Als sie endlich alle gegangen sind, mit ihrem selbstgebackenen Kuchen und ihren Hausratsversicherungen und Lebensweisheiten und allem, hab ich also angefangen, meine Kartons auszupacken, und alles irgendwie provisorisch in windschiefe Regale gestellt. Bestimmt bleibt es jetzt erst mal ewig genauso stehen. Mein ganzes Leben ist irgendwie immer noch provisorisch wie diese schiefen Regale. Buhuhu.

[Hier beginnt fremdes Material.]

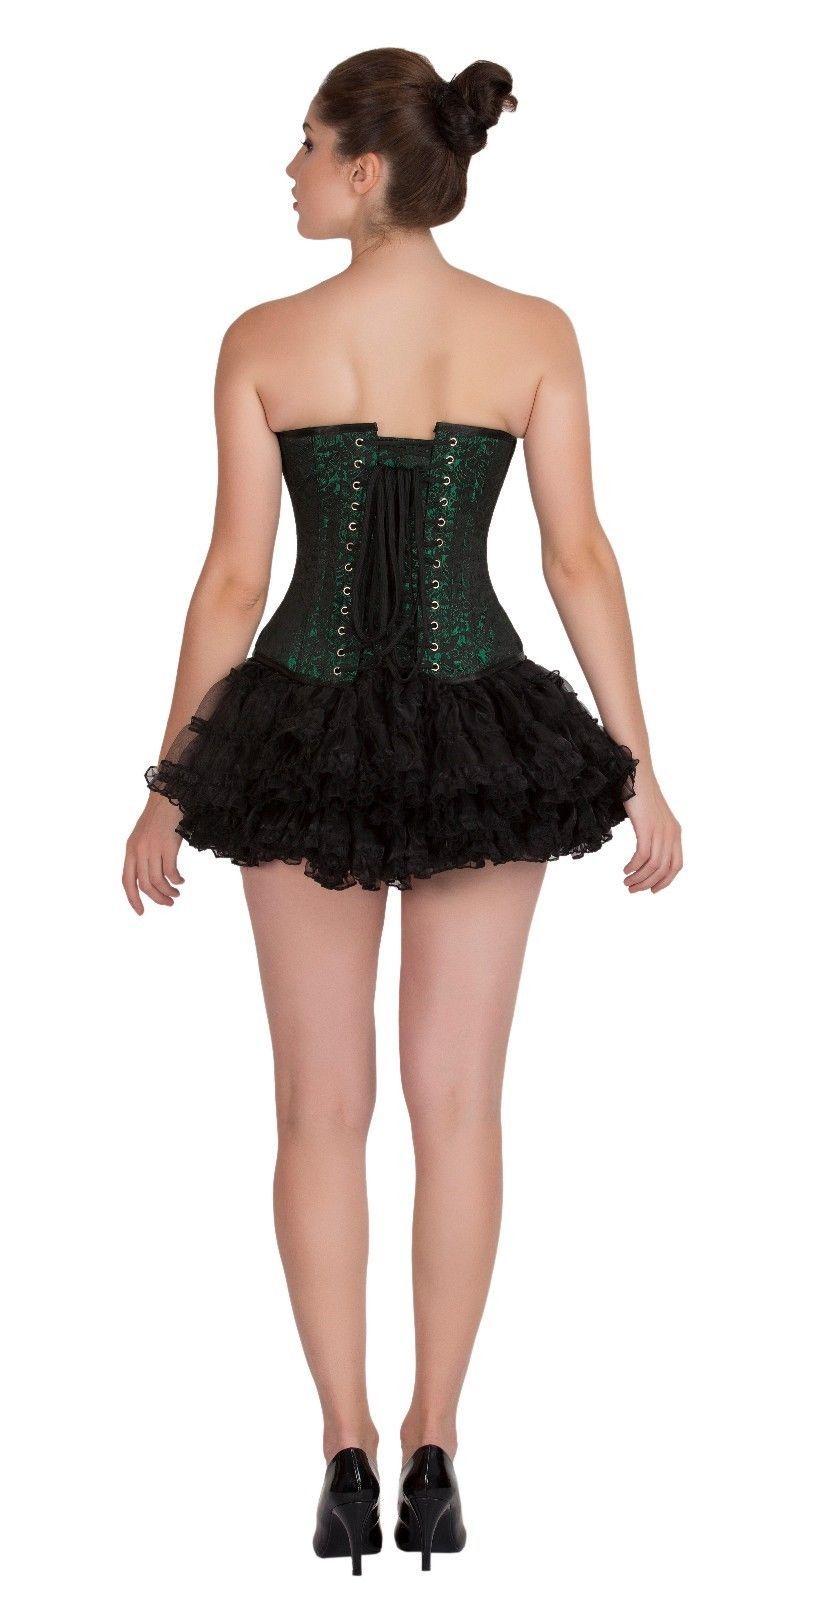 386dae0372b Green Black Brocade Gothic Burlesque Costume Tutu Skirt Overbust Corset  Dress
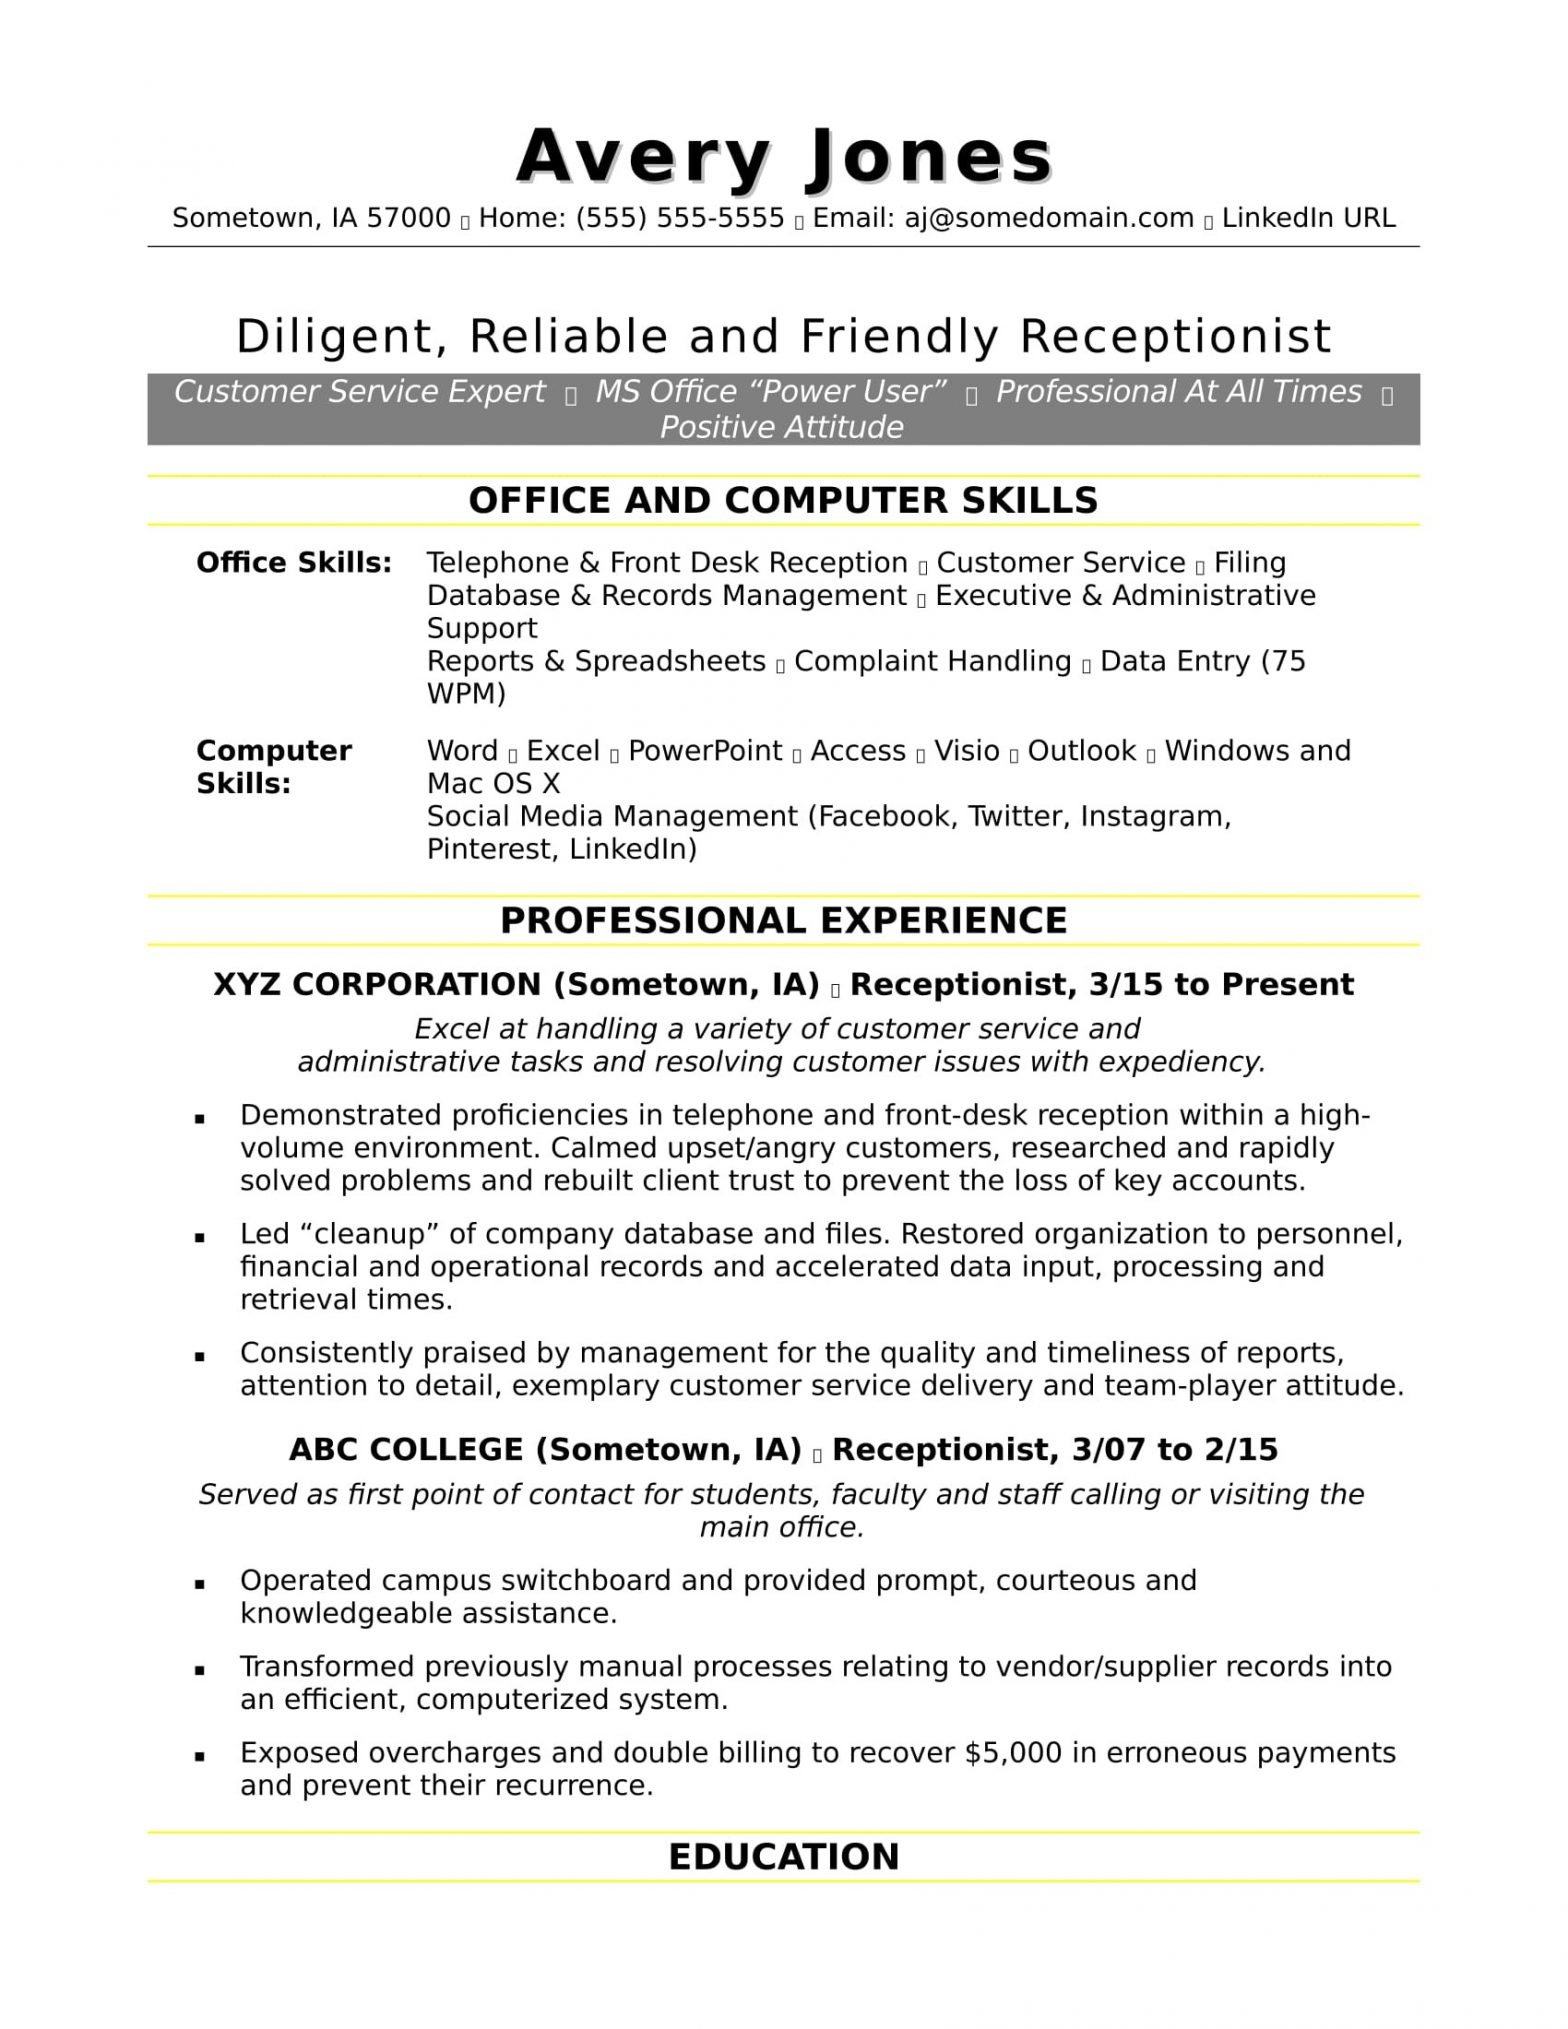 Front Desk Receptionist Reception Resume Sample Receptionist Resume Sample Monster.com

Jetzt werde ich aber wirklich ziemlich melancholisch. Die Wohnung ist mir noch fremd, aber wenn ich aus dem Fenster gucke, sehe ich auf einmal nicht nur den Hinterhof, sondern das ganze heftige Leben da draußen. Alles leuchtet und rennt herum auf dem Weg, wieder woandershin, wo vielleicht irgendjemand wartet. Es beruhigt einen irgendwie, dass da draußen was passiert und man nicht allein auf der Welt ist. Dass alle nach irgendwas suchen und immer weiterlaufen, nicht nur man selbst. Man käme sich sonst so verloren vor, oder? Als wäre man der Einzige, der noch nicht herausgefunden hat, worum es geht und was genau das Ziel der ganzen Sache hier ist.
So ein Umzug stellt einen aber auch vor lauter nahezu unlösbare Aufgaben, wie zum Beispiel das Anschließen von Waschmaschine und Geschirrspüler, diese höchst anspruchsvolle Fernsehsenderprogrammierung und das Andübeln von irgendwelchen Brettern im Bad als nahezu unpackbare Herausforderung.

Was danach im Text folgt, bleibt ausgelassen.